A Language-theoretic View on Guidelines and Consistency Rules of UML

Guidelines and consistency rules of UML are used to control the degrees of freedom provided by the language to prevent faults. Guidelines are used in specific domains (e.g., avionics) to recommend the proper use of technologies. Consistency rules are used to deal with inconsistencies in models. However, guidelines and consistency rules use informal restrictions on the uses of languages, which makes checking difficult. In this paper, we consider these problems from a language-theoretic view. We propose the formalism of C-Systems, short for “formal language control systems”. A C-System consists of a controlled grammar and a controlling grammar. Guidelines and consistency rules are formalized as controlling grammars that control the uses of UML, i.e. the derivations using the grammar of UML. This approach can be implemented as a parser, which can automatically verify the rules on a UML user model in XMI format. A comparison to related work shows our contribution: a generic top-down and syntax-based approach that checks language level constraints at compile-time.

💡 Research Summary

The paper addresses a long‑standing problem in UML modeling: while the language offers great flexibility, this freedom often leads to design faults and inconsistencies that are mitigated only by informal guidelines and consistency rules. Because these constraints are typically expressed in natural language, automated checking is difficult, and existing tools either operate at a late stage (post‑hoc analysis) or rely on ad‑hoc extensions such as OCL. To overcome these limitations, the authors introduce a language‑theoretic framework called C‑Systems (formal language control systems). A C‑System consists of two grammars: a controlled grammar that formally describes the syntax of UML (derived from the UML metamodel and expressed in BNF), and a controlling grammar that encodes the guidelines and consistency rules as meta‑grammatical constraints.

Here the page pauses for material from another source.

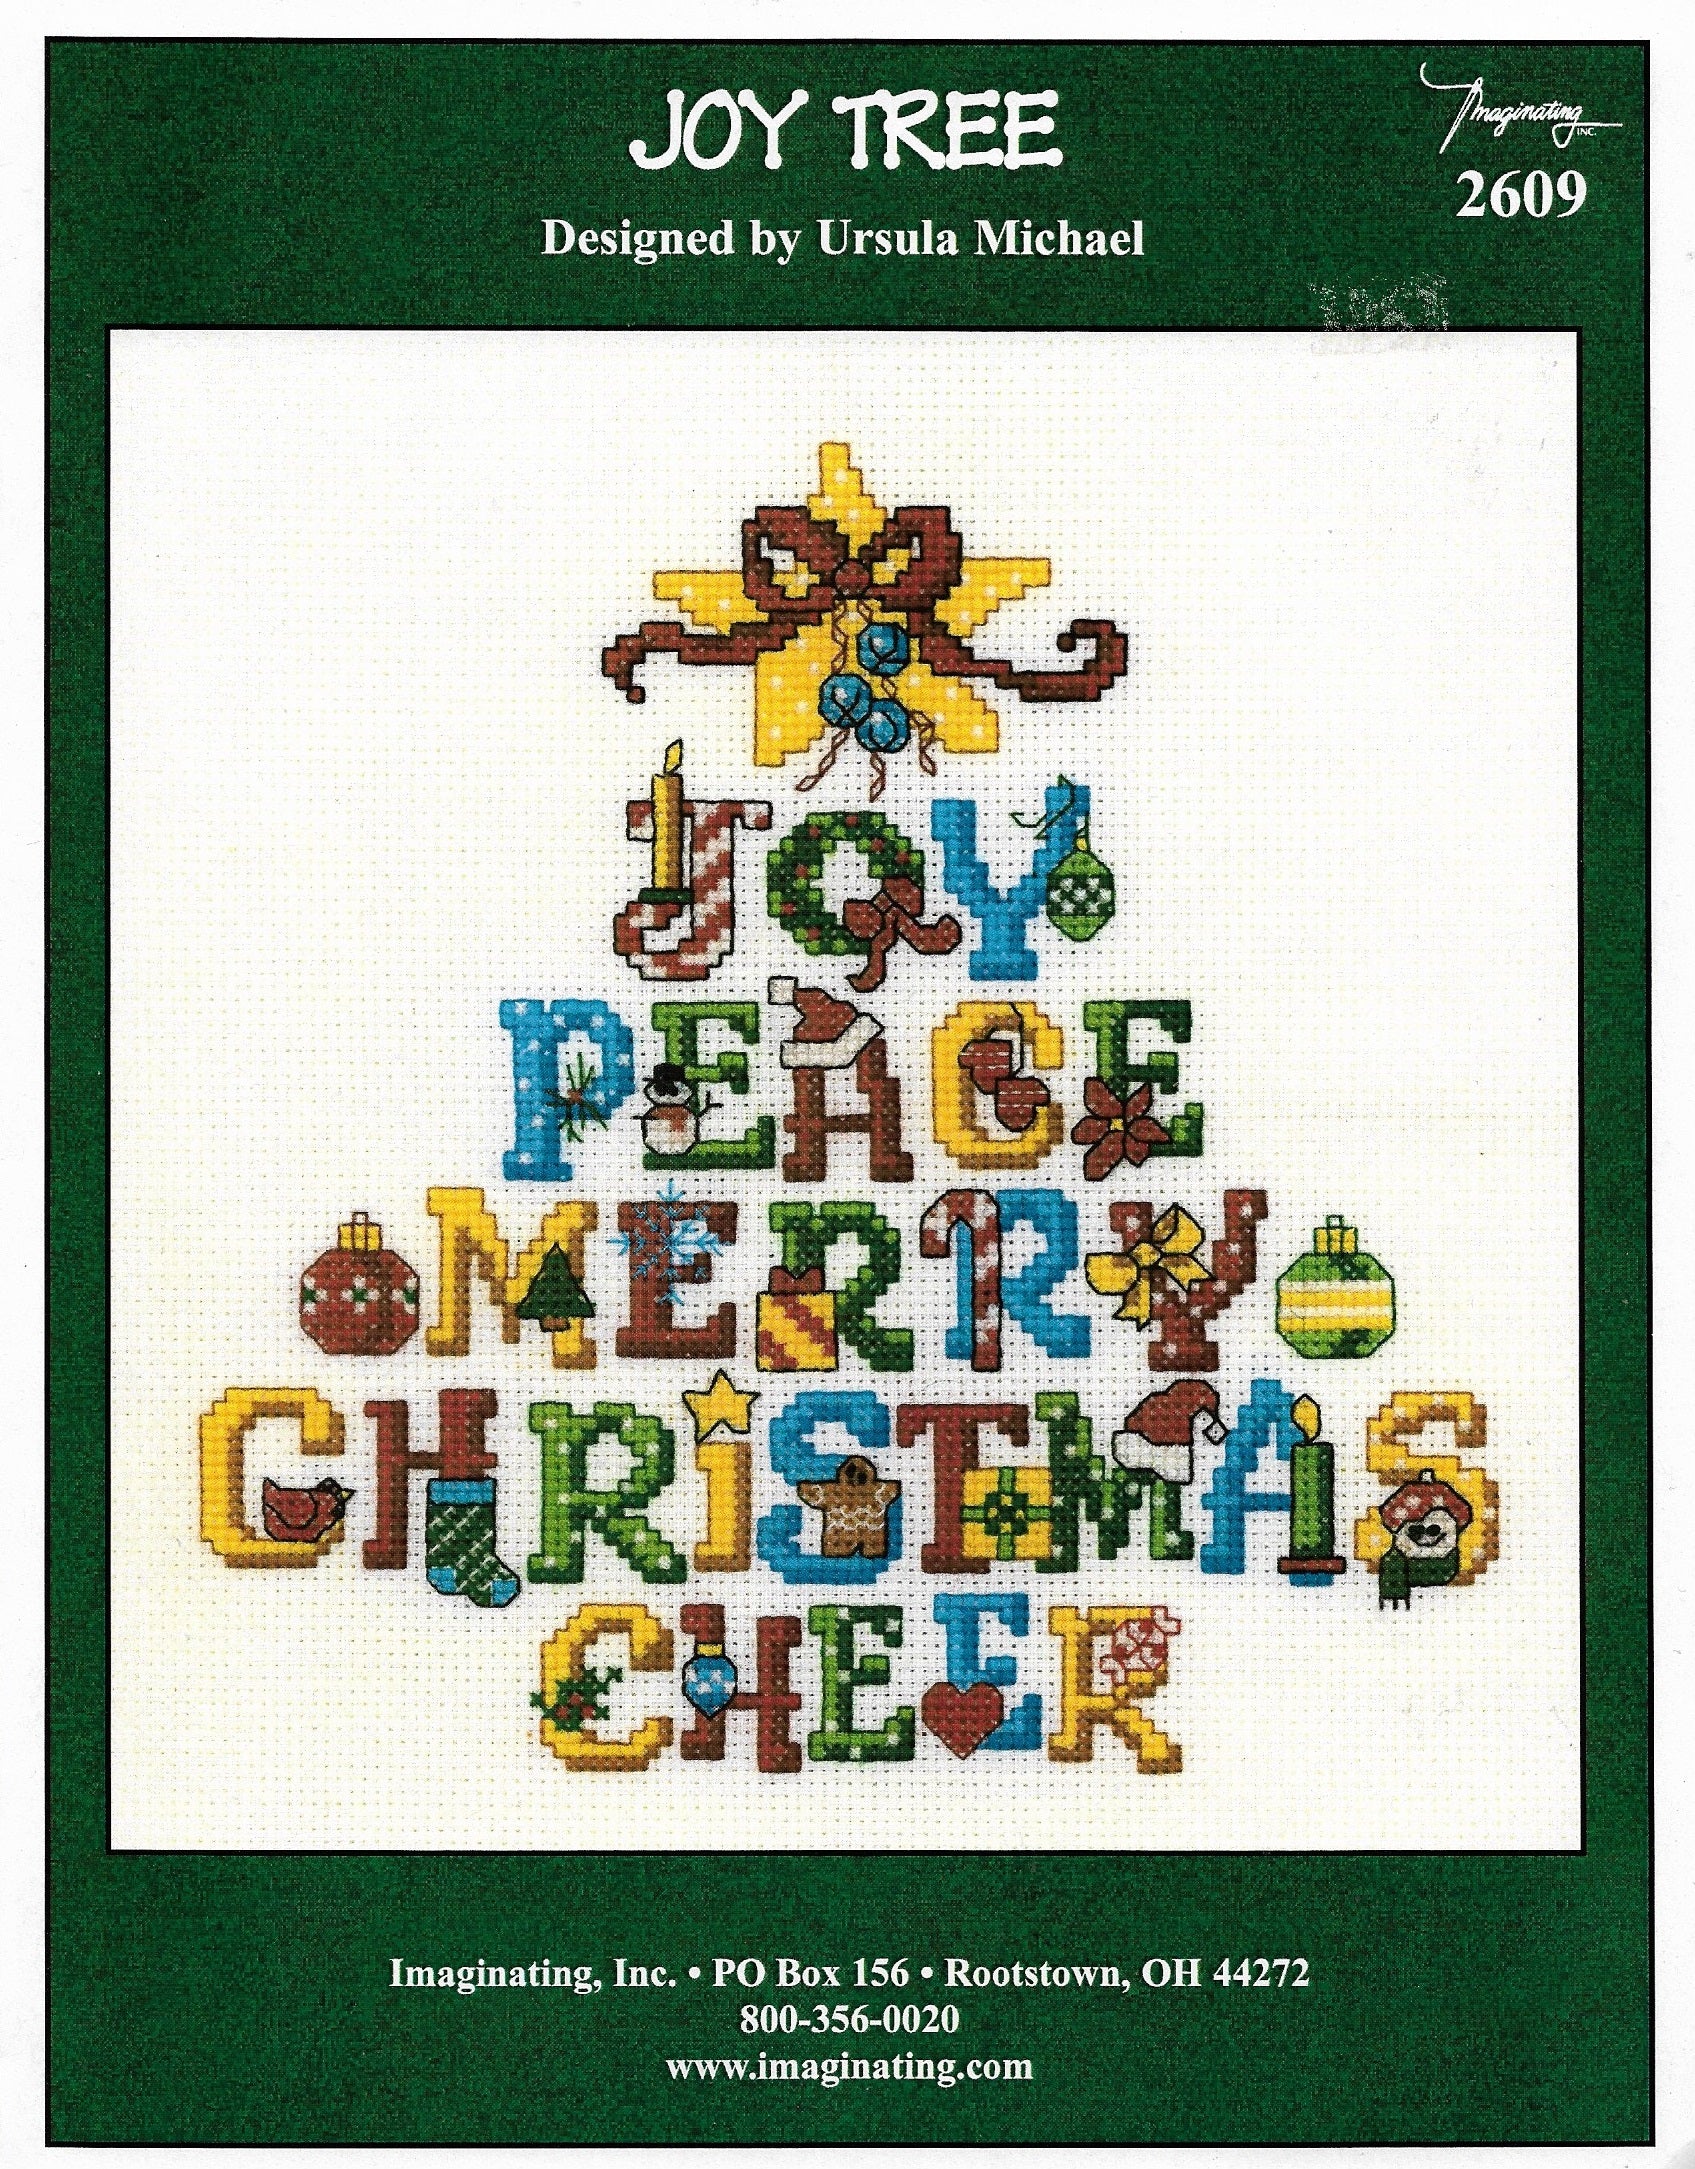 Imaginating Joy Tree 2609 Christmas cross stitch pattern
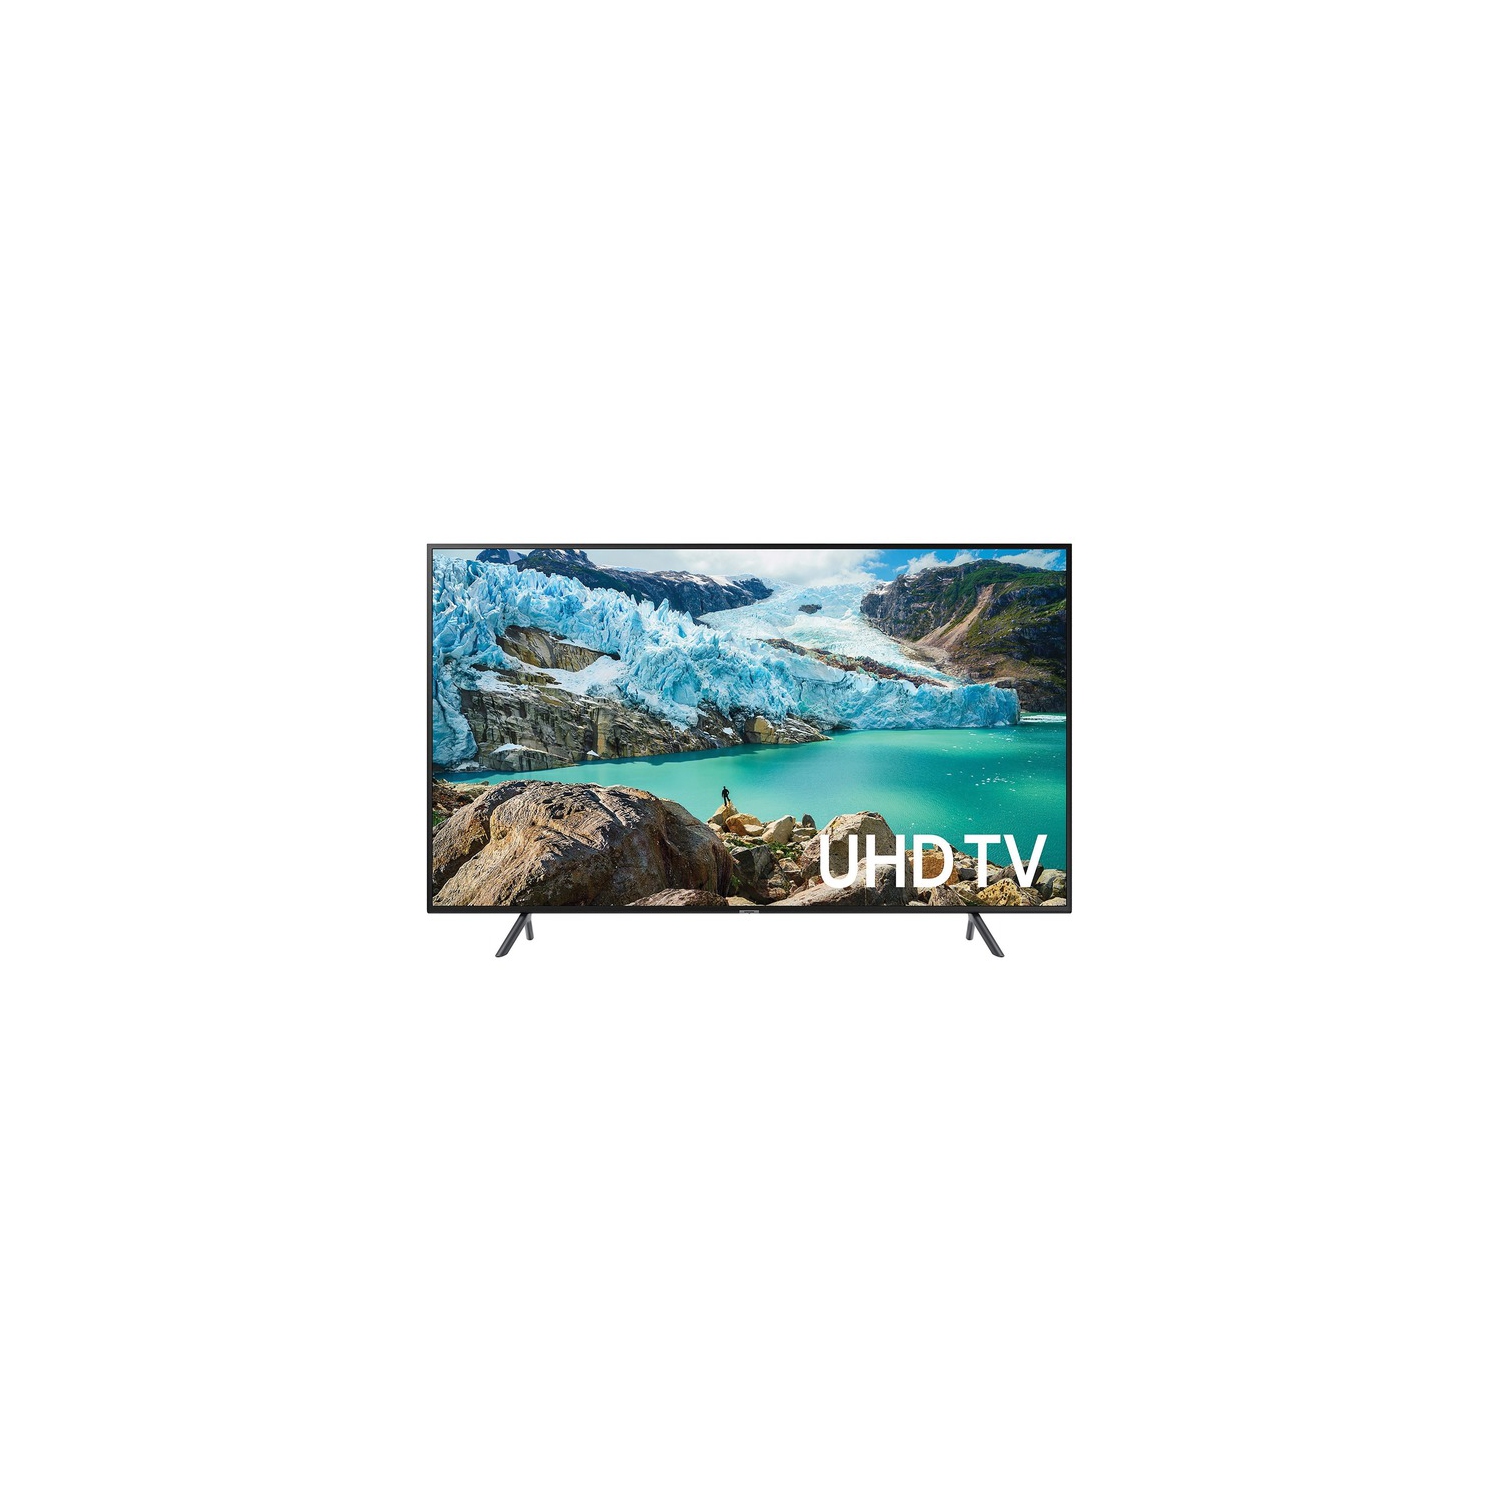 Samsung RU7100 UN55RU7100F 54.6" Smart LED-LCD TV - 4K UHDTV - Charcoal Black

The key idea is to parse a UML model (provided in XMI) with a parser that simultaneously respects both grammars. During the derivation of the controlled grammar, the parser checks at each step whether the current production is allowed by the controlling grammar. If a rule is violated, parsing aborts and an error is reported. This approach turns rule verification into a compile‑time activity, catching violations as early as possible and reducing the cost of later rework. Because the controlling grammar is itself a formal grammar, adding, removing, or modifying a guideline simply requires editing a BNF file; the parser can be regenerated automatically, ensuring maintainability.

Implementation details include: (1) translating the UML 2.x metamodel into a set of BNF productions that capture classes, associations, attributes, diagrams, etc.; (2) writing controlling grammars for a representative set of domain‑specific guidelines (e.g., “all classes in an avionics model must implement a safety interface”) and generic consistency rules (e.g., “no cyclic inheritance”). The authors used ANTLR to generate a top‑down parser that integrates both grammars. The parser reads XMI files, builds the derivation tree, and validates it against the controlling grammar in real time.

Experimental evaluation involved a collection of XMI models from the avionics domain, together with twelve domain‑specific guidelines and eight generic consistency rules. The C‑System parser detected all violations that were manually identified, and its performance was comparable to existing static analysis tools, with only a modest overhead due to the additional grammar checks. Importantly, the system never produced false positives because the constraints are expressed with the same formal precision as the UML syntax itself.

The paper also situates C‑Systems relative to related work. Model‑transformation approaches (e.g., ATL, QVT) typically perform checks after a model has been transformed, which can miss early‑stage errors. OCL‑based constraints are expressive but require a separate evaluation engine and are not integrated into the parsing process. Metamodel profiling and profile‑based extensions add stereotypes but still rely on informal textual documentation for many rules. In contrast, C‑Systems provide a generic, top‑down, syntax‑based mechanism that enforces language‑level constraints at compile time, without needing a separate constraint language or runtime engine.

In conclusion, the authors demonstrate that viewing UML guidelines and consistency rules as controlling grammars yields a clean, formal, and automatable verification technique. By embedding rule checking directly into the parsing of UML models, C‑Systems bridge the gap between informal documentation and rigorous static analysis. The approach is language‑agnostic and can be extended to other modeling languages or domain‑specific languages, offering a promising direction for future research in model‑driven engineering and formal methods.